And now a False Dichotomy. I will repeat what I told you earlier. It's a feature that is unique, which is better than nothing.
What are what? Lack of orcs makes it different than worlds with orcs, which at this point is every other setting that didn't come over from MtG.
I just asked you what made Dragonlance unique. You refused to answer, and instead just said "it lacks orcs."
Anyone can make a setting that lacks orcs.
I have, multiple times. My current setting lacks any and all goblinoids--in fact, really the only sapient races it has are the PHB races, minus dragonborn and plus bullywugs and kobolds, and a small number of monster races like fey, undead, and dragons. Does that make my world more unique than Krynn?
So
is there anything that makes Dragonlance unique? Or is it just "no orcs"?

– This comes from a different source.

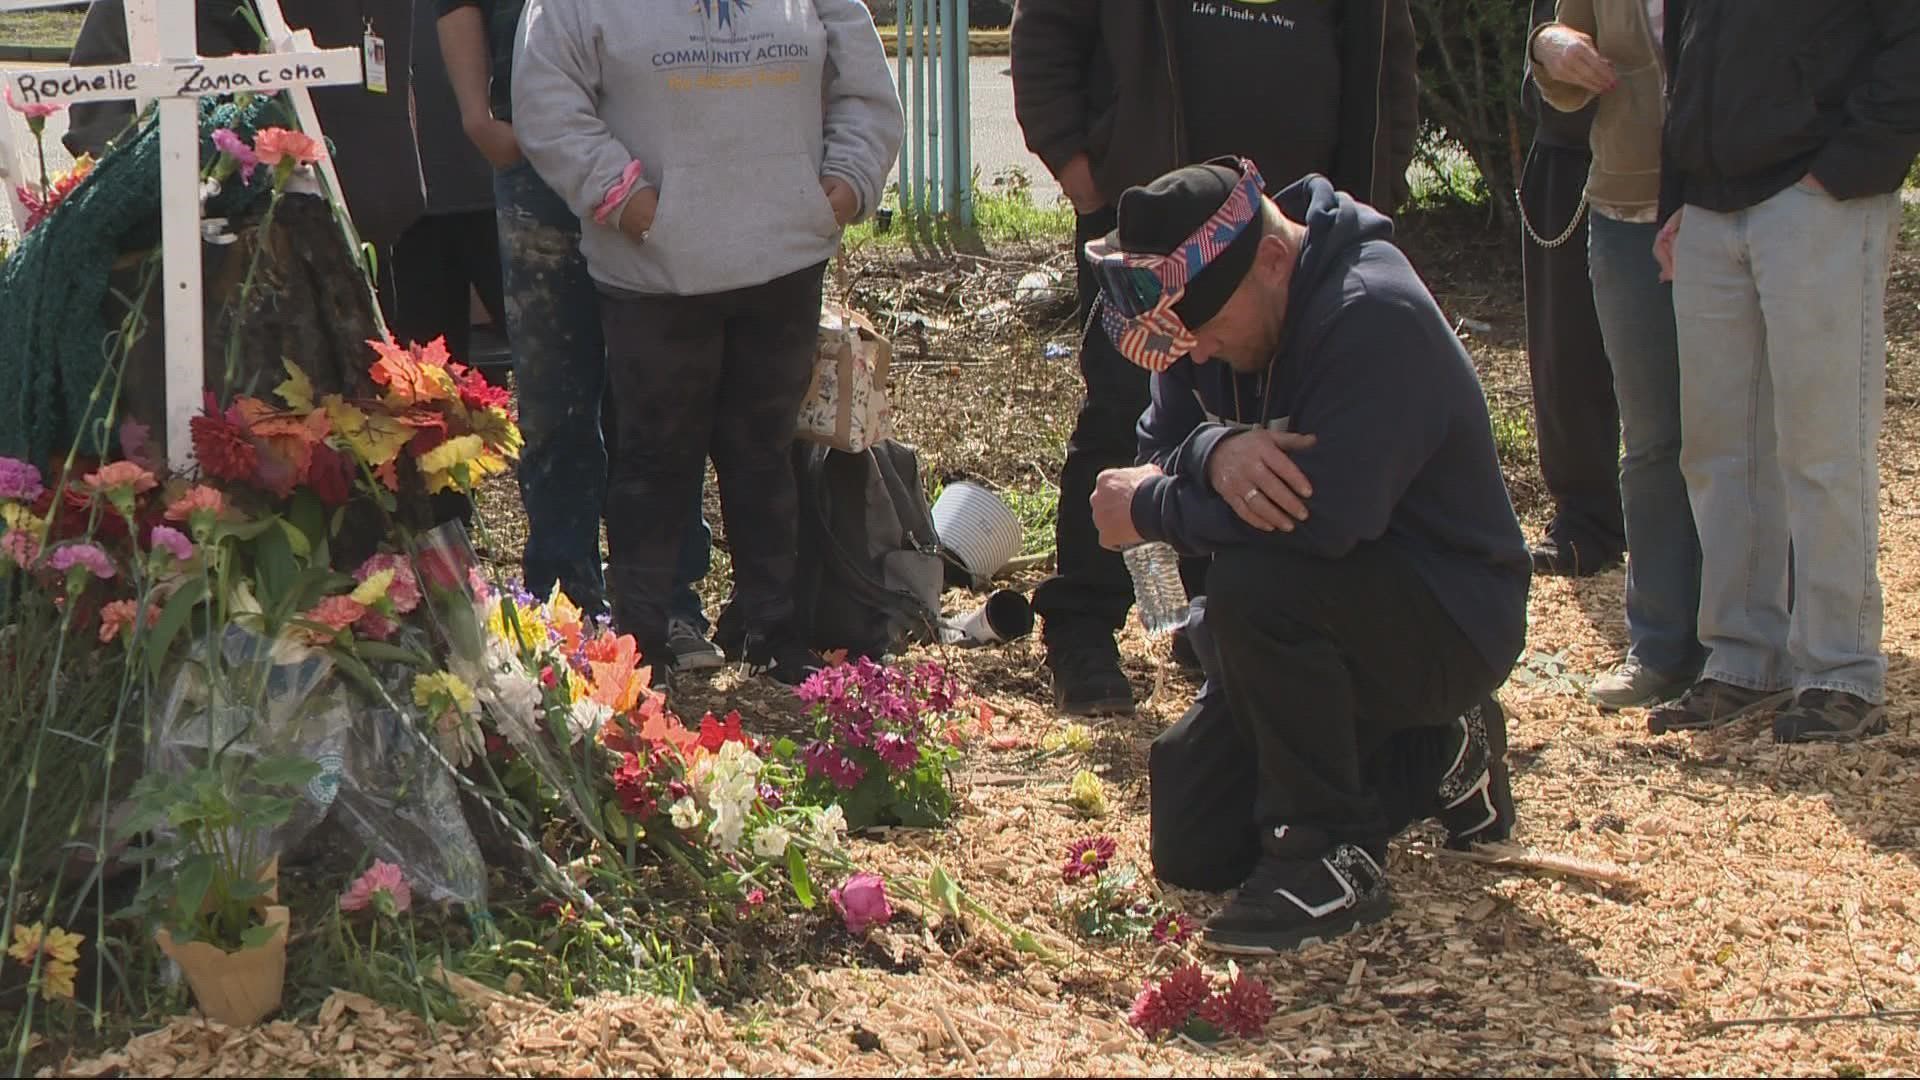 After being scattered by ODOT crews clearing homeless camps around Salem roadways, people who knew the four victims returned to pay their respects.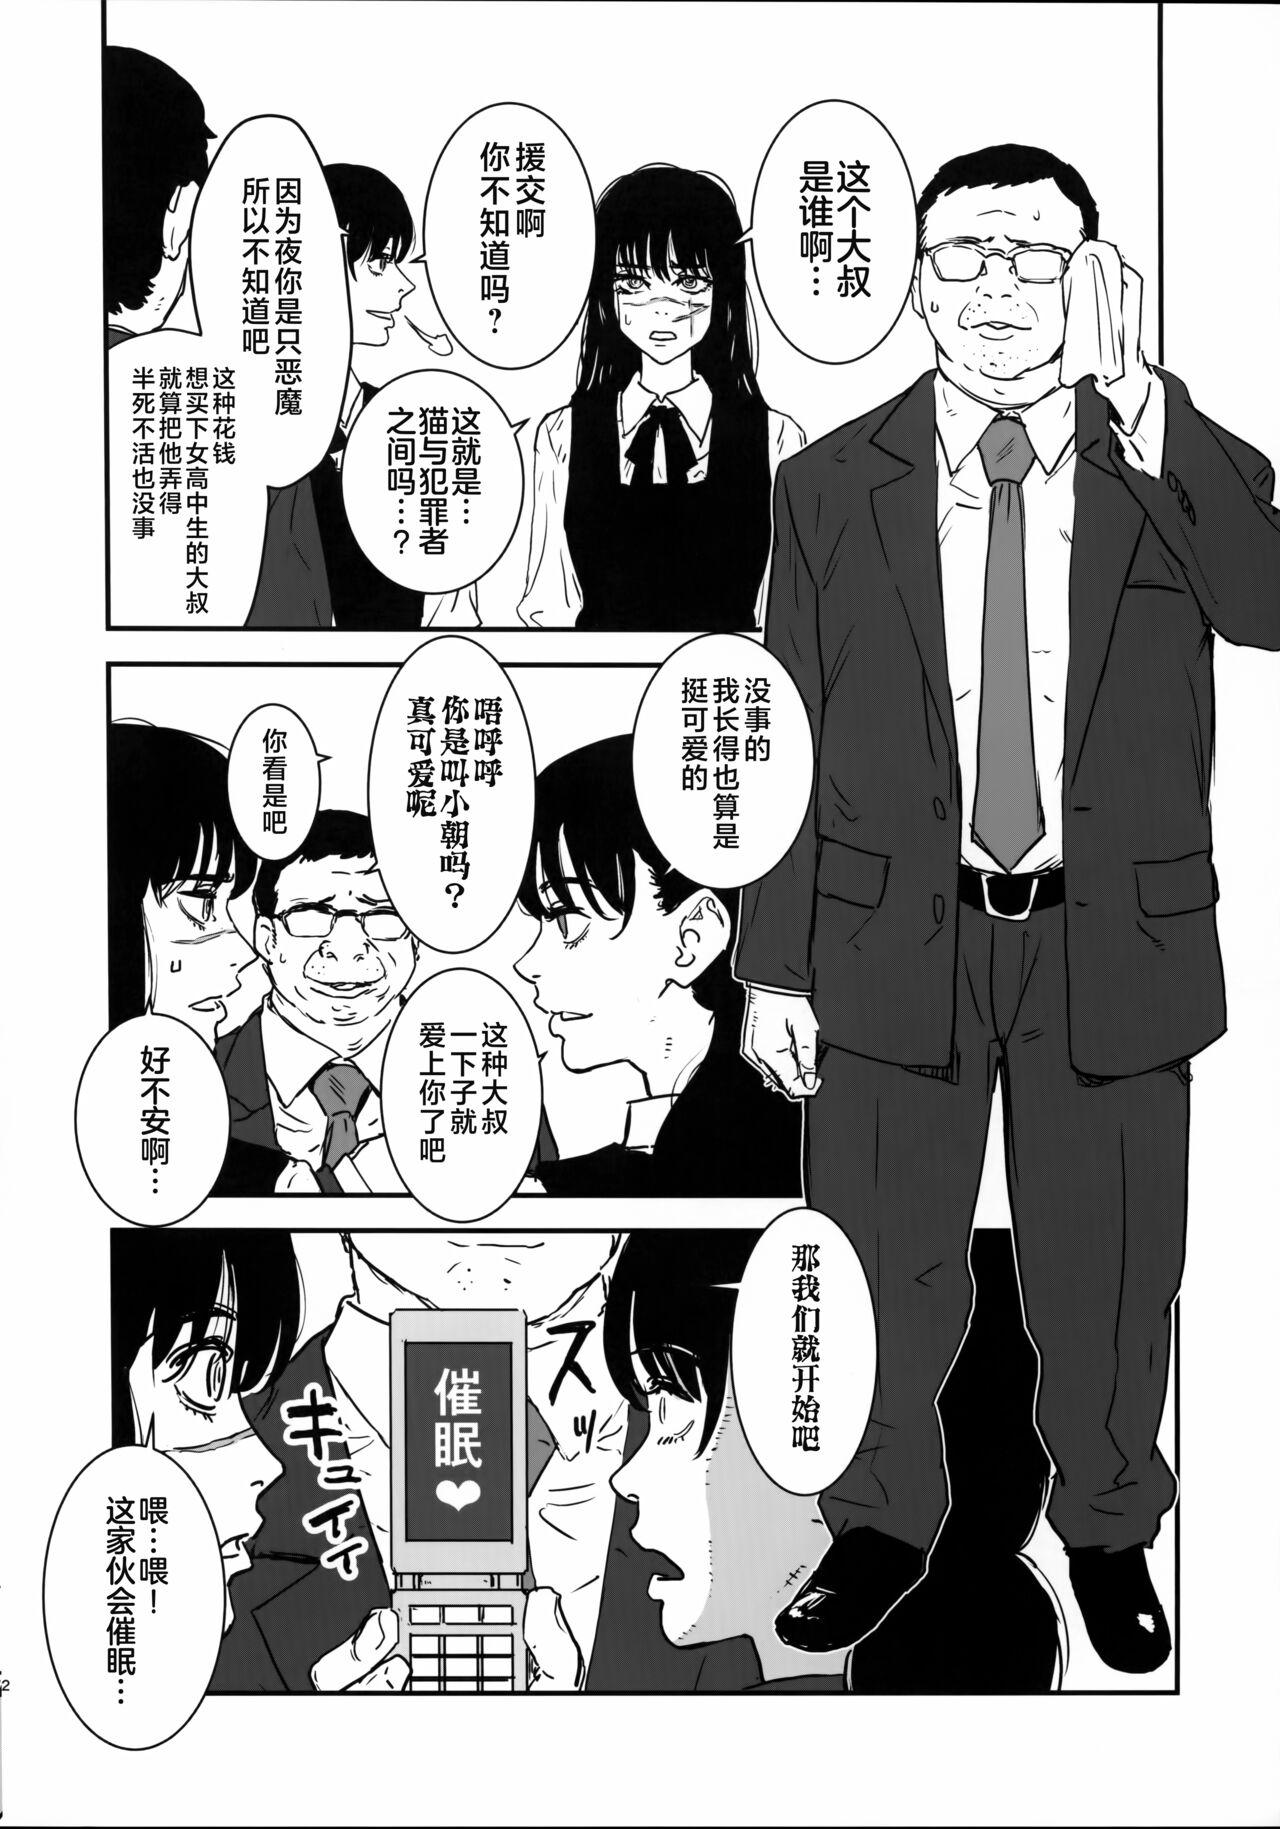 Anus 猫と犯罪者の間 - Chainsaw man Swallowing - Page 2

And I can tell you this: if I had a sudden need to add a new sentient race to my world to accomodate a player...
I would.
It would be a lot harder than with three humans.
Not at all. It might even be easier, depending on the type of horror I want to go for, the type of players, and what sort of things they're OK with. Because (as an example) tempting them to resort to a more primal nature is
prime horror material, especially when only one of those three races is a predator. And I don't even need to resort to
that when all the standard horror plots are still available to me and would work whether or not the PCs have fur.
Funny how you're adamant you can run Discworld in D&D, despite how vastly different that setting is from the typical D&D setting, but think it would be too hard to run a horror game with non-human PCs.
I feel that you're just being a contrarian for the heck of it.
Add the race of martians to Earth as of 10,000 years ago and still living here today and Earth would be a very, very, VERY different setting than the one we live in.
Not according to some conspiracy theorists.
But orcs aren't Martians and Athas isn't Earth. Why would orcs be any different than any of the other big, buff, violent races that already exist on Athas?
Since you seemed to miss it in the quote of mine directly above this response, I'll put it here. I'm going to assume that you missed it rather than deliberately skipped it in order to twist my argument again.
"The setting won't fall apart, but it will feel different."
You keep making this claim. Prove it.